We compared the 838 ES proteins against the genomes of E. multilocularis (Family: Taeniidae) and H. microstome (Family: Hymenolepididae) to discard the ES proteins with homologues in both genomes. These two species are the closest evolutionary related genomes to the T. solium genome that are sequenced to date26. From these analyses, we retrieved 121 ES proteins without homologues in both genomes (threshold e-value of 1 E−3). These 121 ES proteins also were BLASTed against all the non-redundant (nr) proteins of NCBI and we did not find any related protein homologue (threshold e-value of 1 E−3). Thus, these 121 proteins constitute the specific secretome of the T. solium genome and can be used as specific targets for T. solium infections.

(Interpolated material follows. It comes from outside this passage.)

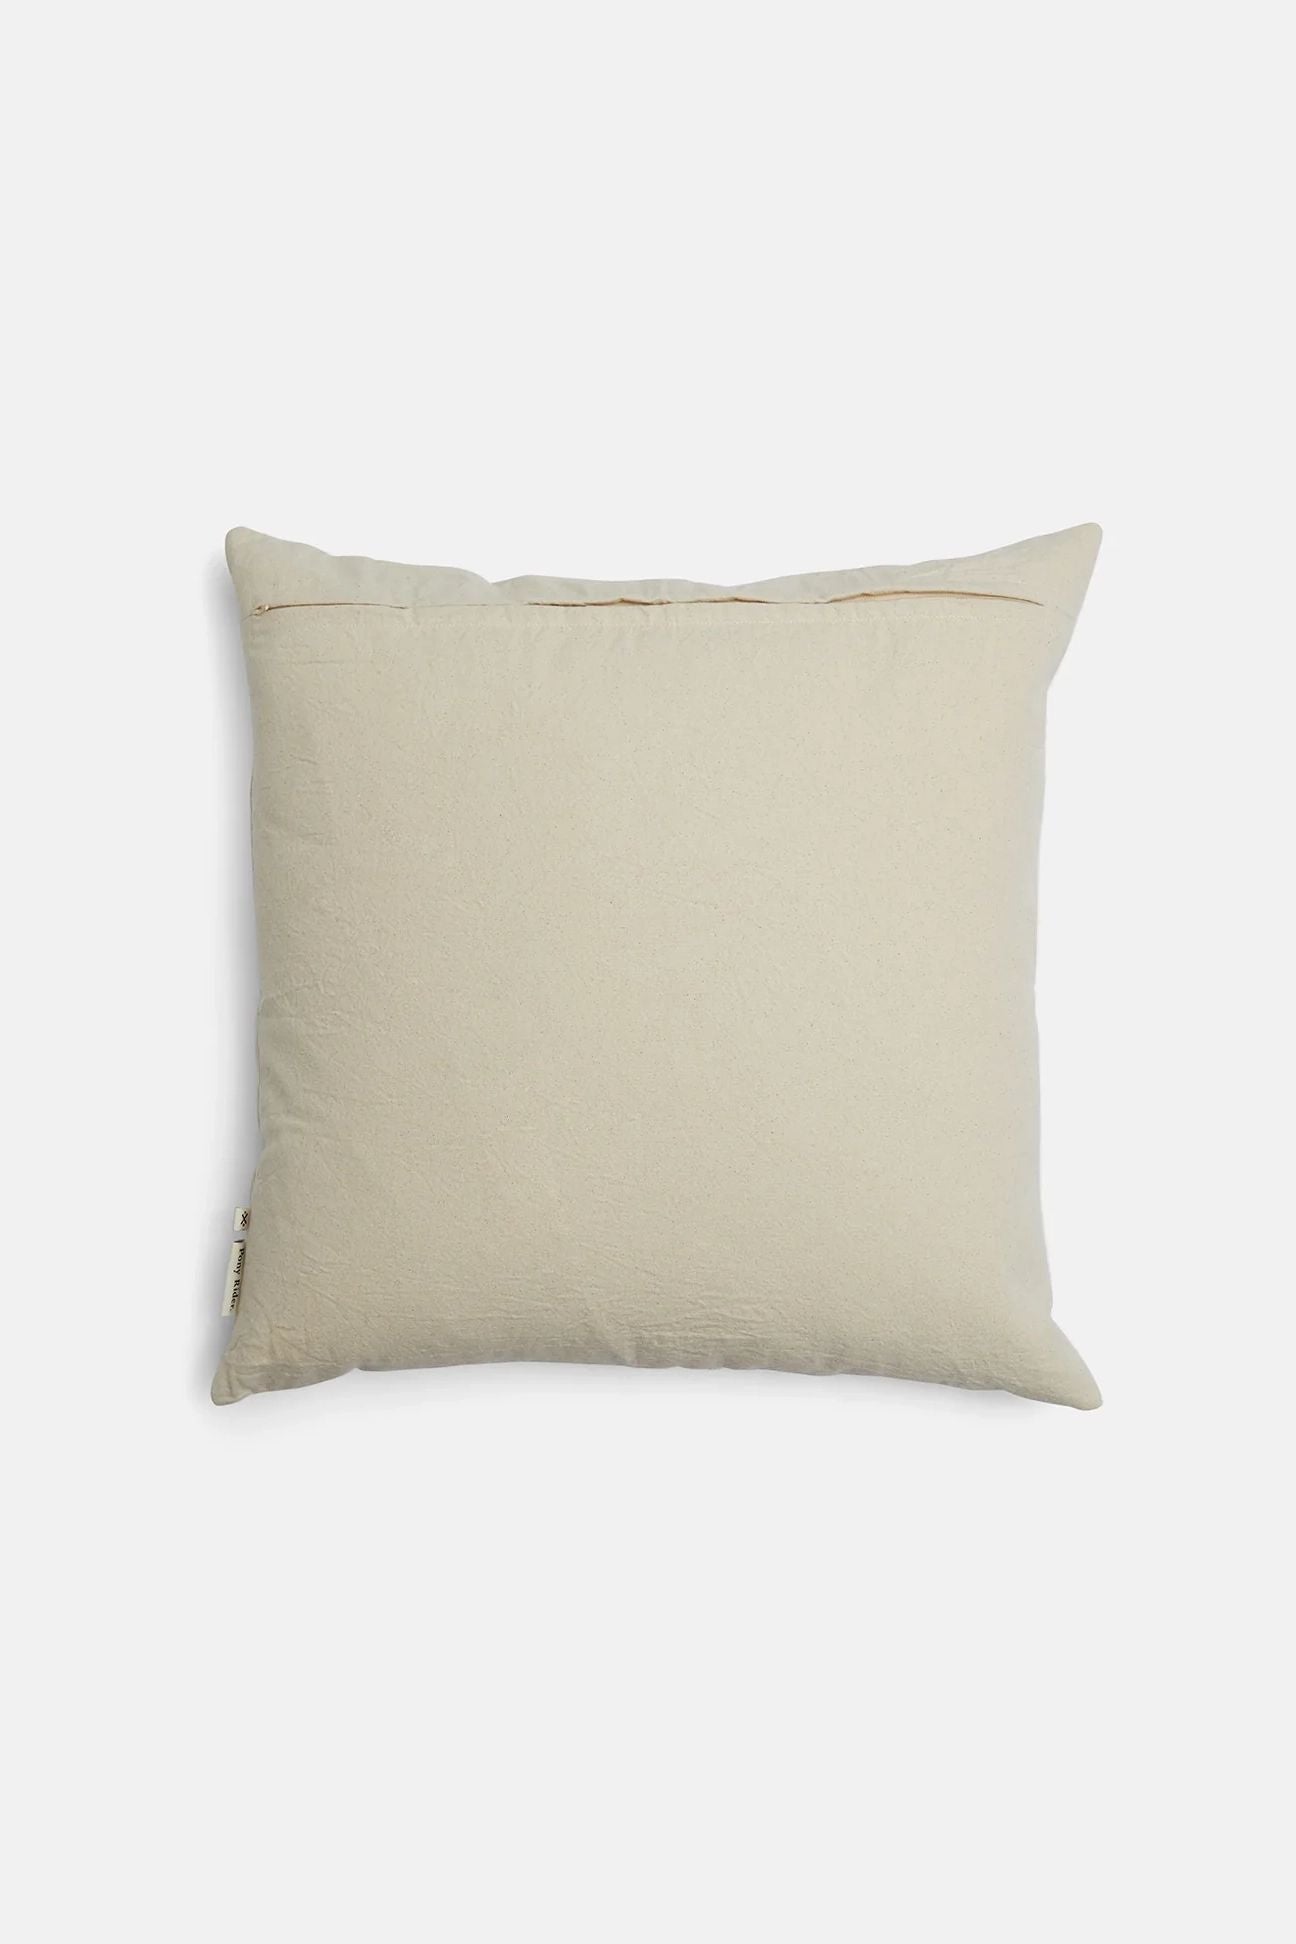 wanderful square cushion cover hessian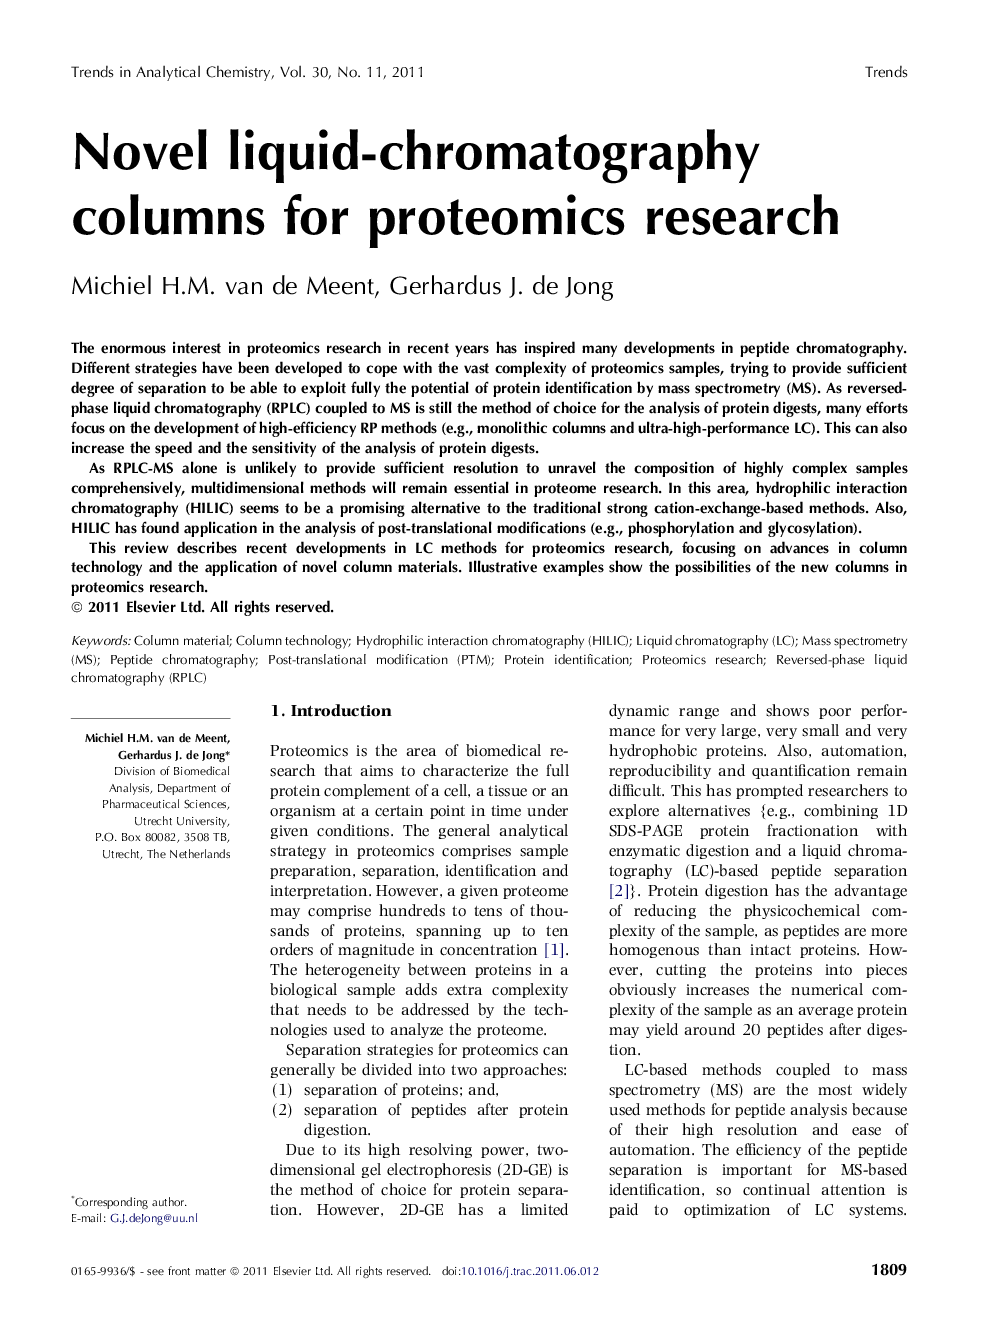 Novel liquid-chromatography columns for proteomics research

After mapping the set of 121 ES proteins to the InterPro and KEGG databases, we did not obtain protein sequences with functional annotations. Nonetheless, we annotated 39 sequences with 83 different GO terms using Argot2. However, the GO term enrichment analysis of these 39 sequences does not show statistically significant results as compared with GO distributions for all genome of Taenia solium. In an effort to obtain more functional information for this set of ES proteins, we subjected the 121 sequences to a fold recognition analysis using the Phyre2 algorithm47. Phyre2 algorithm was recently used as an alternative approach for functional annotation of novel protein sequences. In this regard, if the predicted structure for query protein is confident, the template protein functions can be tentatively assigned to the query protein. The confidence score of Phyre2 was established to 55% as the minimum cut-off value and the proteins with confidence scores equal to or higher than this cut-off value are shown in Table 3. The protein 08062.0.1 has a high structural similarity with the UPLC1 protein. Interestingly, the UPLC1 protein is an important regulator in cancer cell migration/invasion and in actin-based cytoskeletal remodeling48.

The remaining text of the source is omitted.